もう一点気になったところは、取り外しが出来るようになった「置き台」と「つゆ受けトレイ」。すべて水洗い出来るようになったのは良いが、置き台がなぜか浮いてしまいがちで、安定感がない。ピタッとはまらない為、トレイがずれやすいのが気になった。

お茶うすにはフタがついているが、その下の受け皿にはフタがない。そのまま、お茶うすの下にセットしておく分には問題ないが、本体を移動させる時などには、これは外しておかなければならない。そういう時に、中に粉末茶が入っていると飛び散りやすいので、欲を言えば、受け皿にも個別にフタがあるといいような気がする。そうすれば、まとめて挽いた時などに、フタをすることで空気に触れるのを少しでも防げると思うし、移動もさせやすい。
『ヘルシオお茶プレッソ』で実現する、粉末茶の様々な楽しみ方

茶葉の挽き方は、旧機種同様に「細」と「粗」。緑茶を楽しむ時は「細」。料理に使うときは「粗」を選ぶと良い。 また、お菓子作りなどであれば粒子のより細かい「細」で挽いた粉末茶を使用すると良いだろう。なにせ小麦粉よりも細かい粒子なので、素材にもなじみやすい。

「細」で挽いた粉末茶を、バニラアイスクリームにトッピングして頂いてみた。お茶の香りと味わいがクリーミーなバニラアイスに加わり風味豊かに。食後のデザートやおもてなしにも良さそうだ。
公式ページにも『ヘルシオお茶プレッソ』で挽いた茶葉を使用した飲み物・お料理レシピが公開されているので、ぜひそちらも参考にしてもらいたい。緑茶だけでなく紅茶やほうじ茶なども楽しめるし、ラテも作ることが出来る。
リンク : ヘルシオお茶プレッソ 飲み物・お料理レシピ

また作ったお茶を急須や水筒に注ぎたい場合は、給水レバーではなく、お茶容器を取り外して注ぎ入れることも出来る。なお、お茶容器そのものには保温機能はついていない。

第2弾モデルとして2015年4月より発売されているのは、今回ご紹介した上位モデル「TE-TS56V」の他に、スタンダードモデル「TE-GS10B」もある。

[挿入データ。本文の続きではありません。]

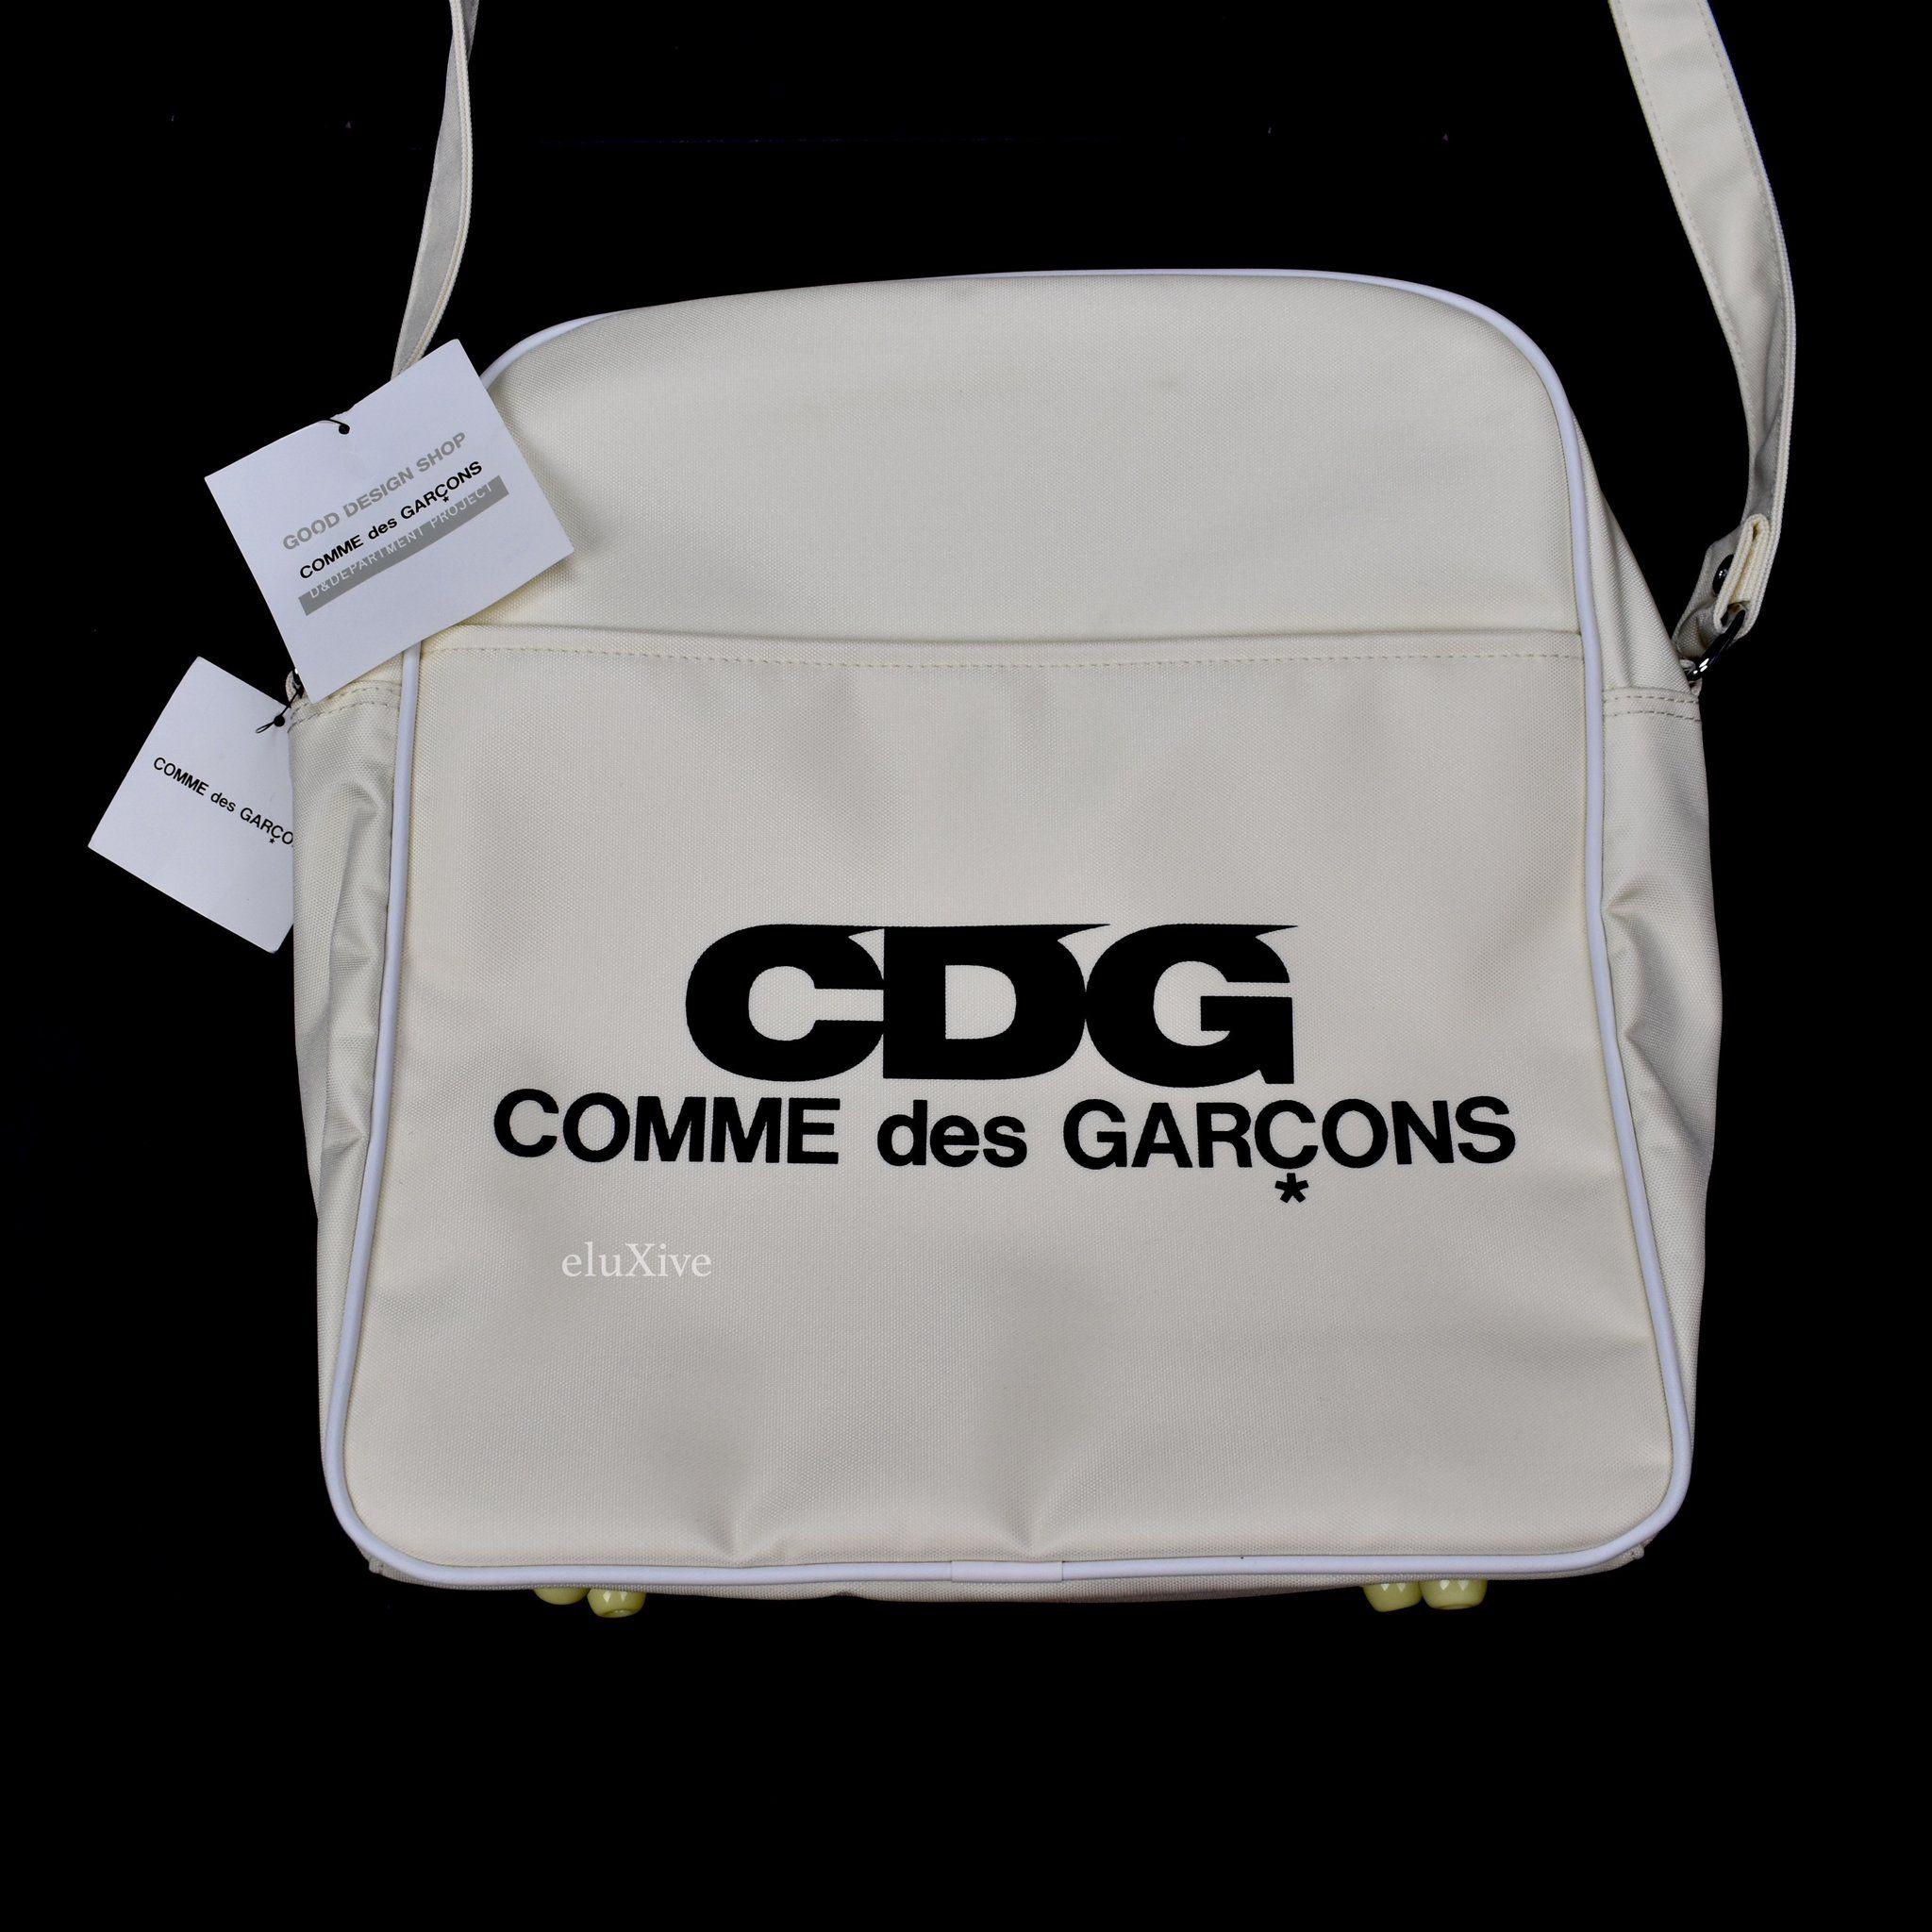 Comme Des Garcons CDG Logo - Comme des Garcons Good Design Shop - Ivory White CDG Logo ...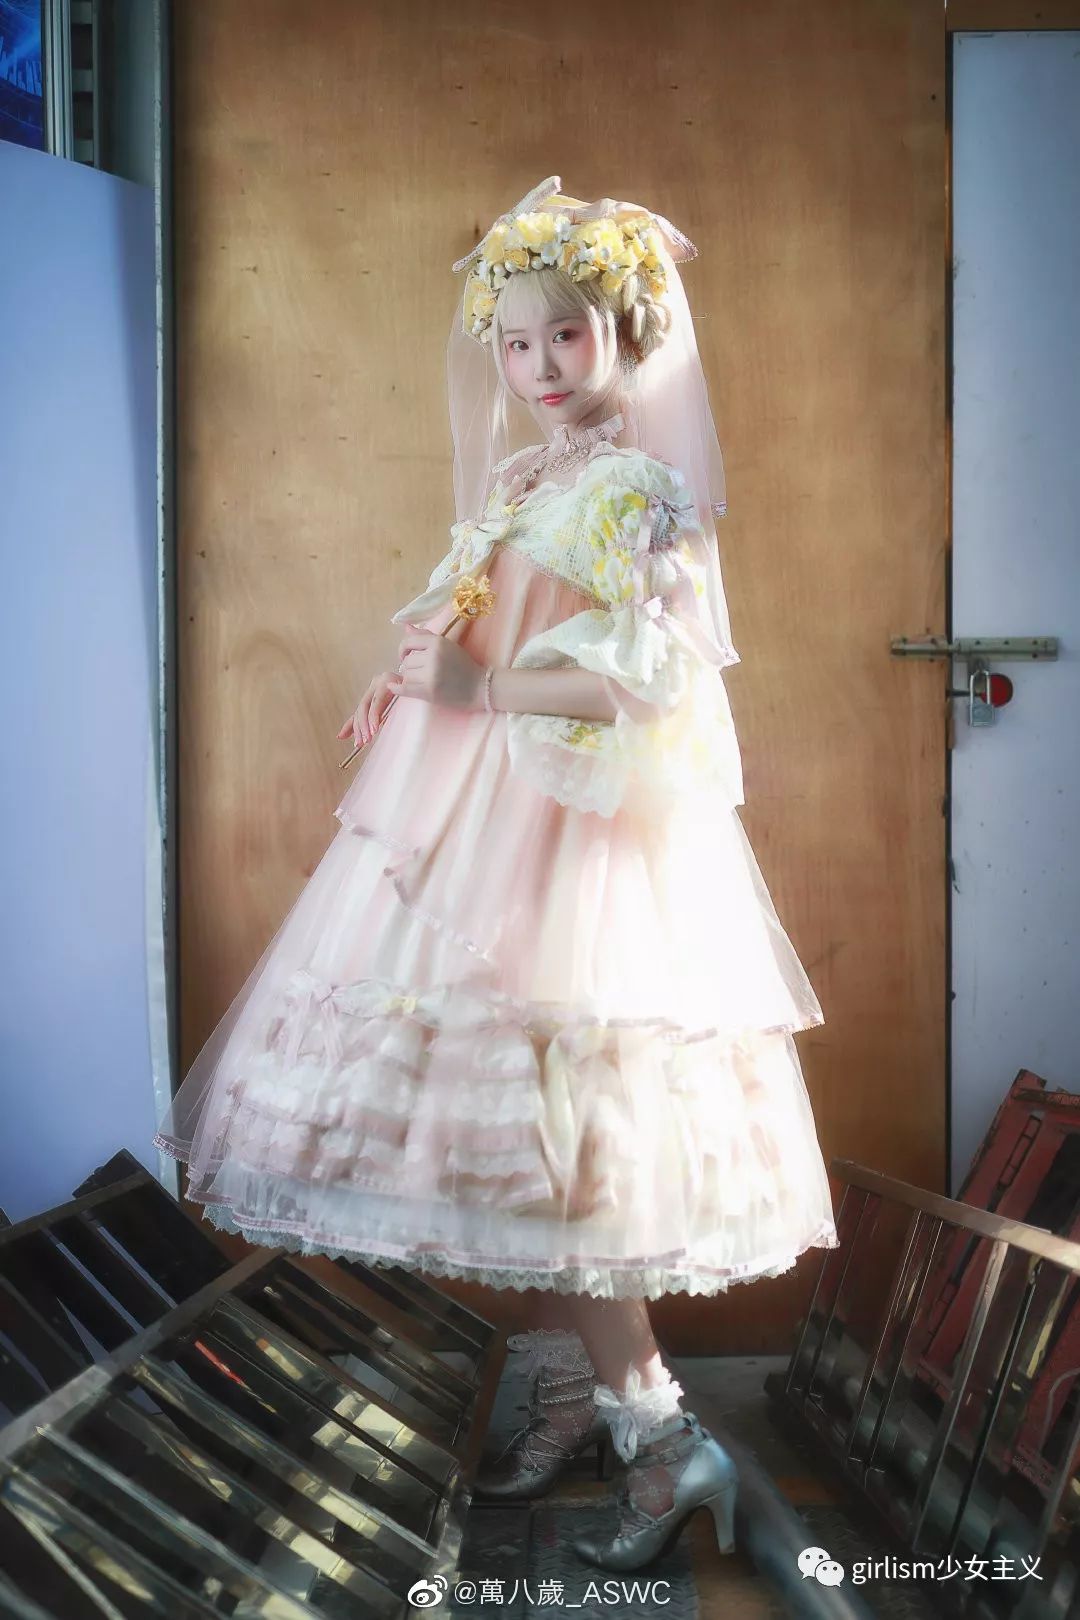 灵瑶reiyou与和平之春齐名的天国少女,同样是一条既美且孕的裙子.

スタンダードモデル「TE-GS10B」は第1弾モデルのお茶うすや帯電防止加工が進化したもので、温度調整機能はない。またつゆ受けトレイも取り外しできない。最大容量も、第1弾モデルの420mlと同じ。
本体カラーは上位モデル「TE-TS56V」がグリーンとレッドの2種。「TE-GS10B」がグリーンとブラウンの2種となっている。希望小売価格はTE-TS56Vが2万8000円(税別)、TE-GS10Bが2万5000円(税別)。
総評今回ご紹介した上位モデル「TE-TS56V」は、お茶うすの進化による粉末茶の細かさ、湯ざまし機能搭載により「ぬるめ」を設定出来ることで、お茶のまろやかさ、美味しさが旧機種より格段に良くなっていると思う。これから購入するのであれば、記者としてはやはり「TE-TS56V」をオススメする。

茶葉を挽いておけば、水タンクに水を入れ、お茶容器に粉末茶を入れて、ボタンを押すだけでお茶が出来上がっているのは、なかなか面白い。コーヒーメーカーと同じような感覚だ。毎回、安定した温度と美味しさを楽しめるし、お茶を淹れている時間に他の作業が出来る。茶葉を丸ごと摂取できるので、作り終わった後に茶殻も出ない。家庭で使うのはもちろんのこと、オフィスや事務所など人が集まるところに置いておくのも良さそうだ。
近年、海外にも注目されている日本のお茶文化。『ヘルシオお茶プレッソ』は今夏には北米にも進出する。